If you don't really care about and root for that couple, the show is toast. But you do care about them at the Marriott, not least because Alex Goodrich, who wisely has dialed back his comic wackiness, and Elizabeth Telford, whose heart seems to ooze warmth and uncertainty, turn in such honest, vulnerable and essentially realistic performances. This is perhaps Thielen's best work at the Marriott: he's found a way to keep a relentless focus on the show's humanity and honesty. That means the show also has license to be funny, with gags flowing from Steven Strafford, who plays the head waiter, the man forever striving to maintain a romantic atmosphere despite his customers' inability to calm the heck down.


Everybody here has poignancy, from the terrific Jessica Naimy, who plays the racier woman in the shop and still makes her real, to James Earl Jones II, who makes a kind-hearted best friend to all, to Terry Hamilton, who plays the patriarch of the business and who avoids any managerial huffing and puffing as the clerks are managed and cajoled.

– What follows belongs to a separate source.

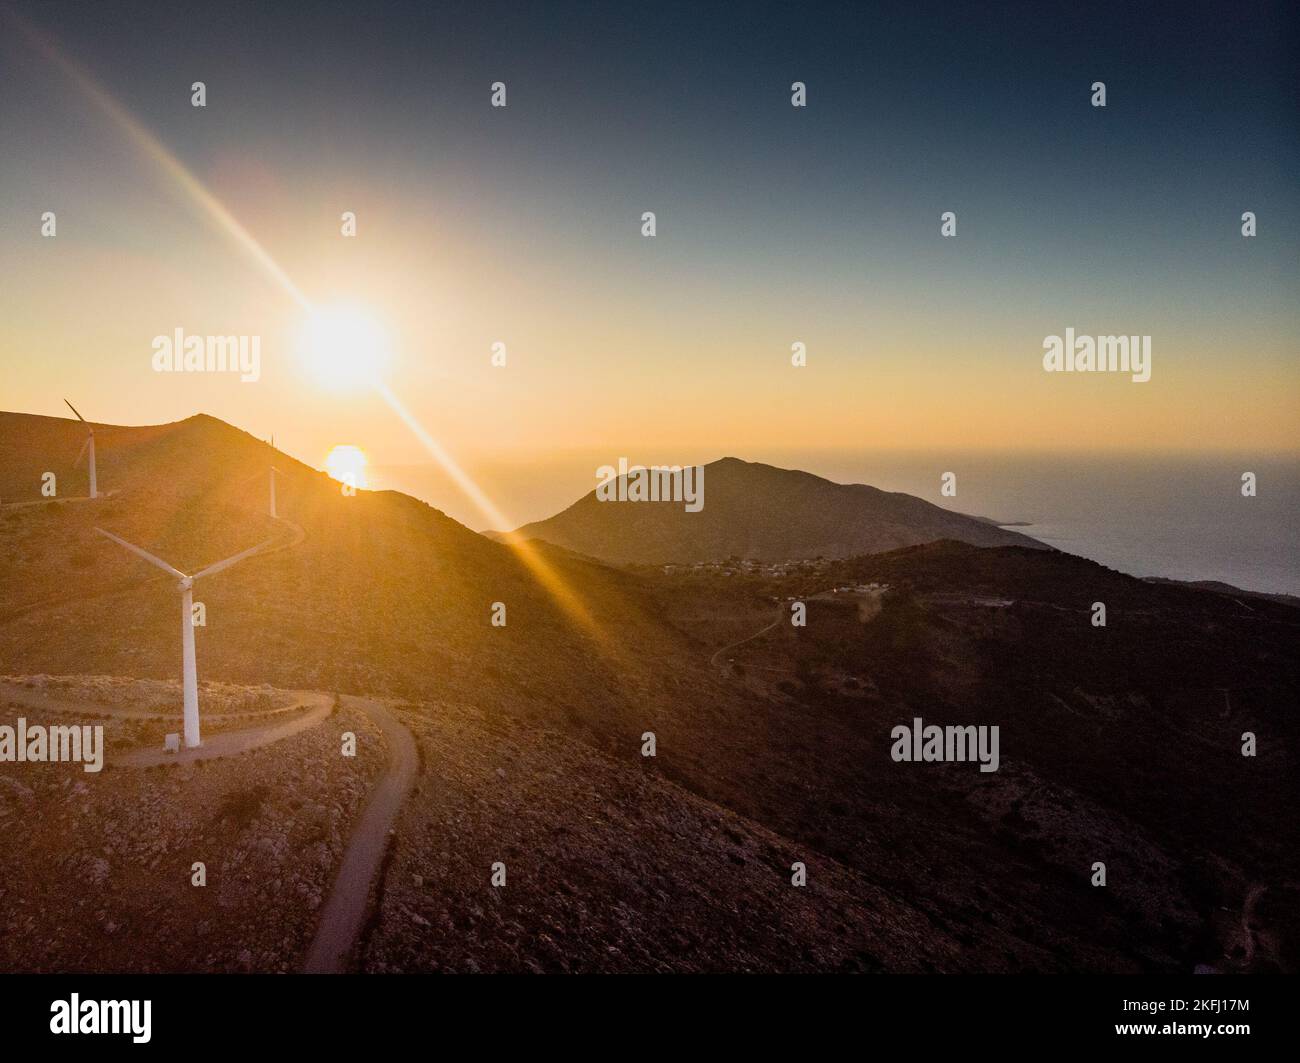 Wind turbines on mountain against sky and scenic view of silhouette ranges against bright sun during sunset Stock Photo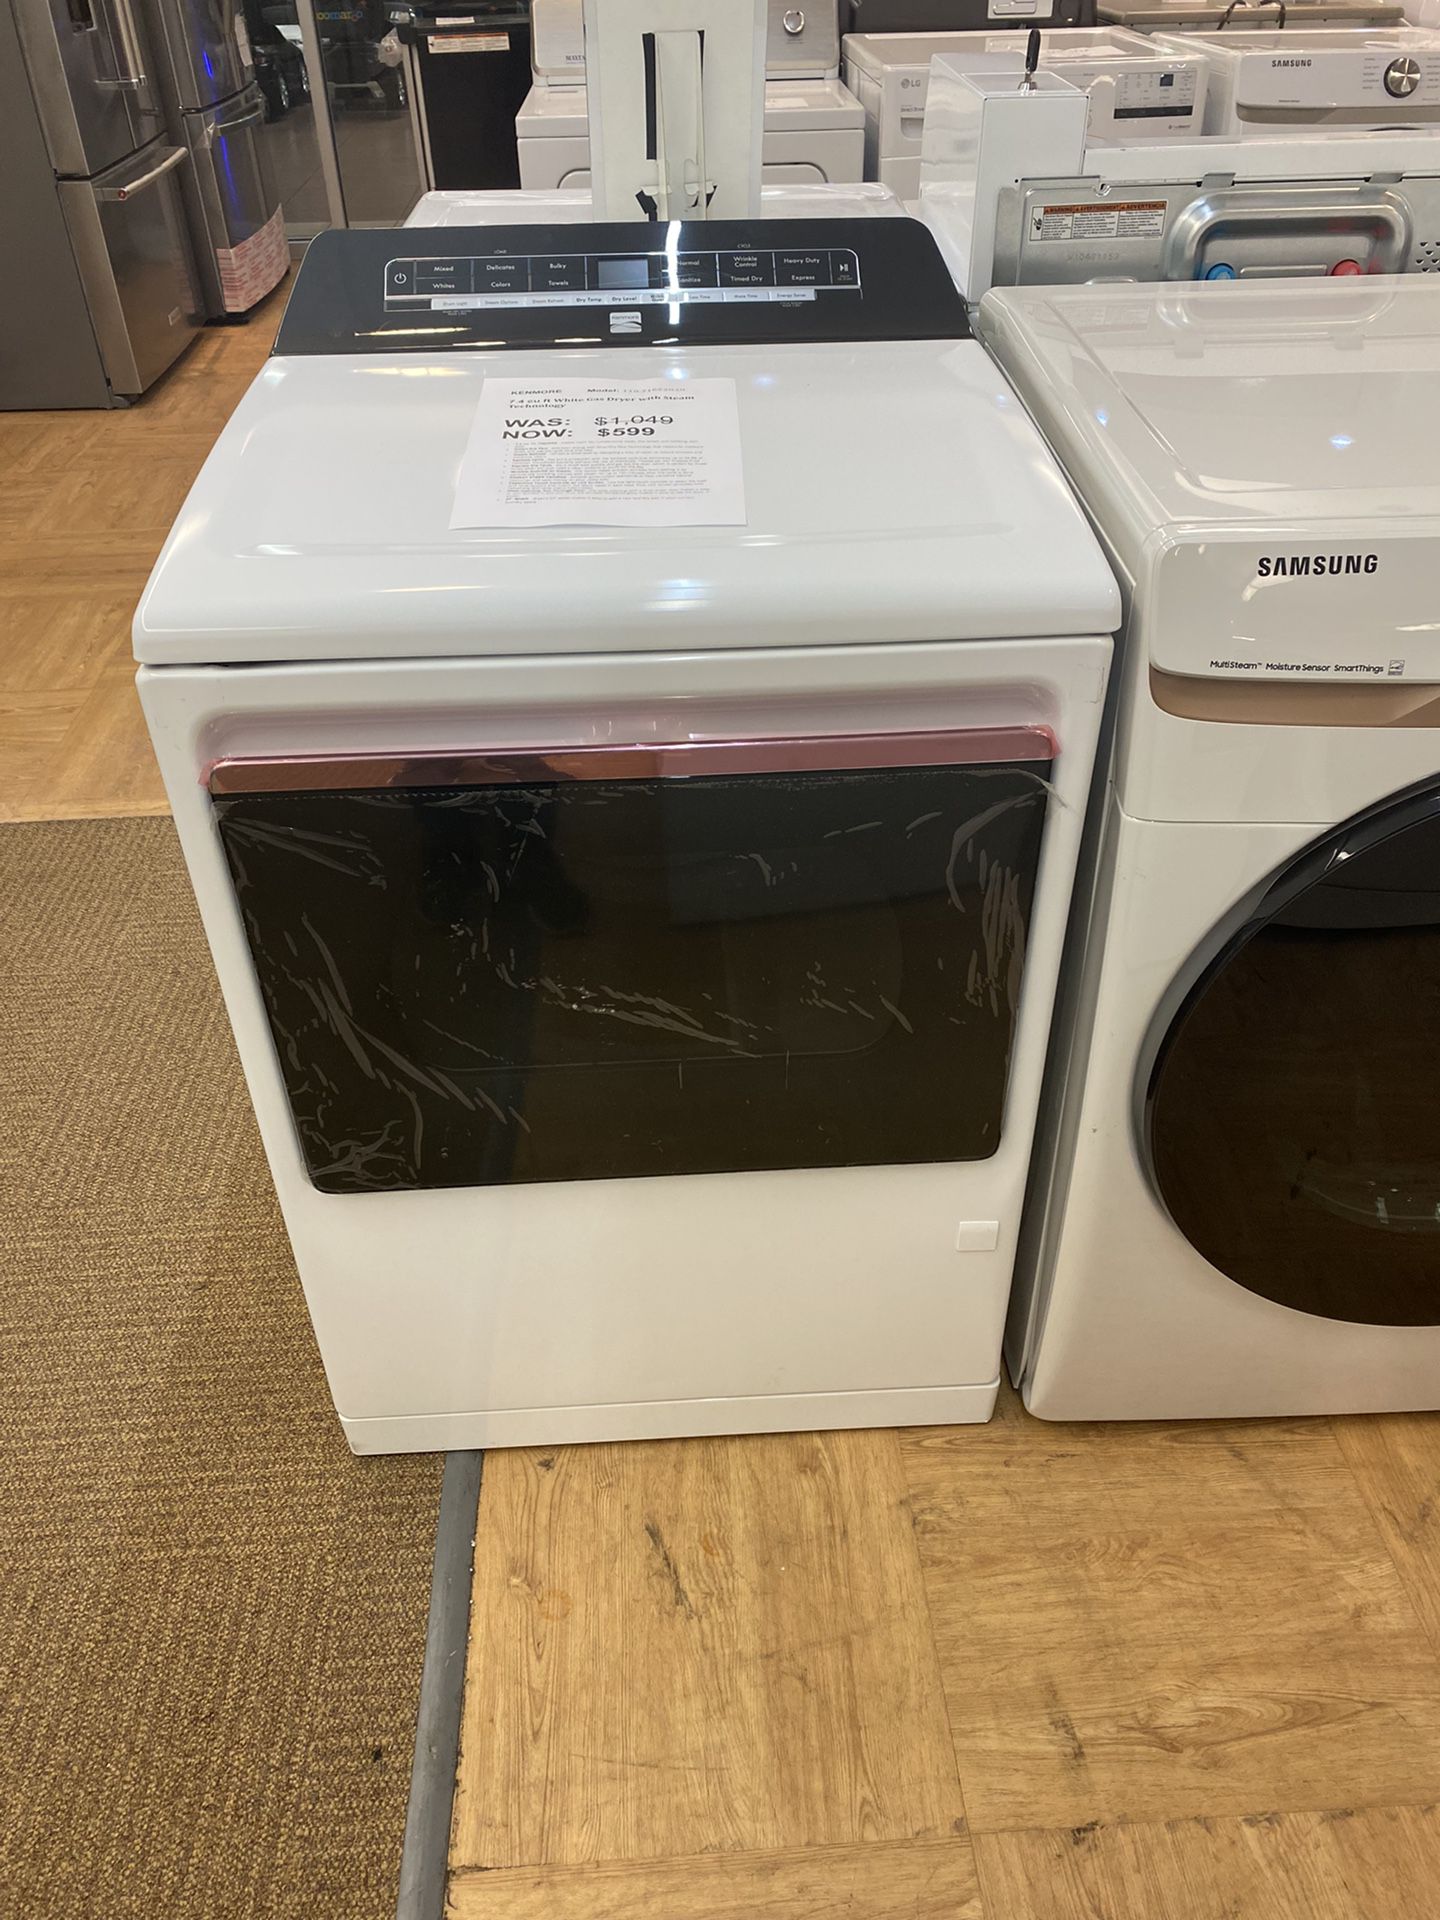 New Kenmore Gas Dryer

Even though this is a smaller role, Hamilton still crafts a performance that suggests empathy for the problems of a small-business owner, which have not changed much since 1963.


And the vocal interpretations of this exquisite song suite, under the musical direction of Matt Deitchman, are mostly excellent.


I suspect Thielen was newly intrigued by this title after the successful Broadway revival at the Roundabout Theatre last year, a well-received production that brought attention to a quieter little show that, in a fine production like this one, can make you feel truly nostalgic for the dying retail age.


This material is not about to cause a sudden youth explosion at the Marriott Theatre, but that doesn't mean it lacks relevance. If you know this piece, you'll recall there is a little gimmick where the clerks sing their thanks to every customer as she leaves. I've seen that come off as forced, but in this production, it feels organic. And the face of the ensemble actress Cassie Slater, which gets sung to a lot, for its owner has to play many different customers, lights up differently each time.


But always with a reminder that we ordinary folks like it a whole lot when we're treated special in a shop.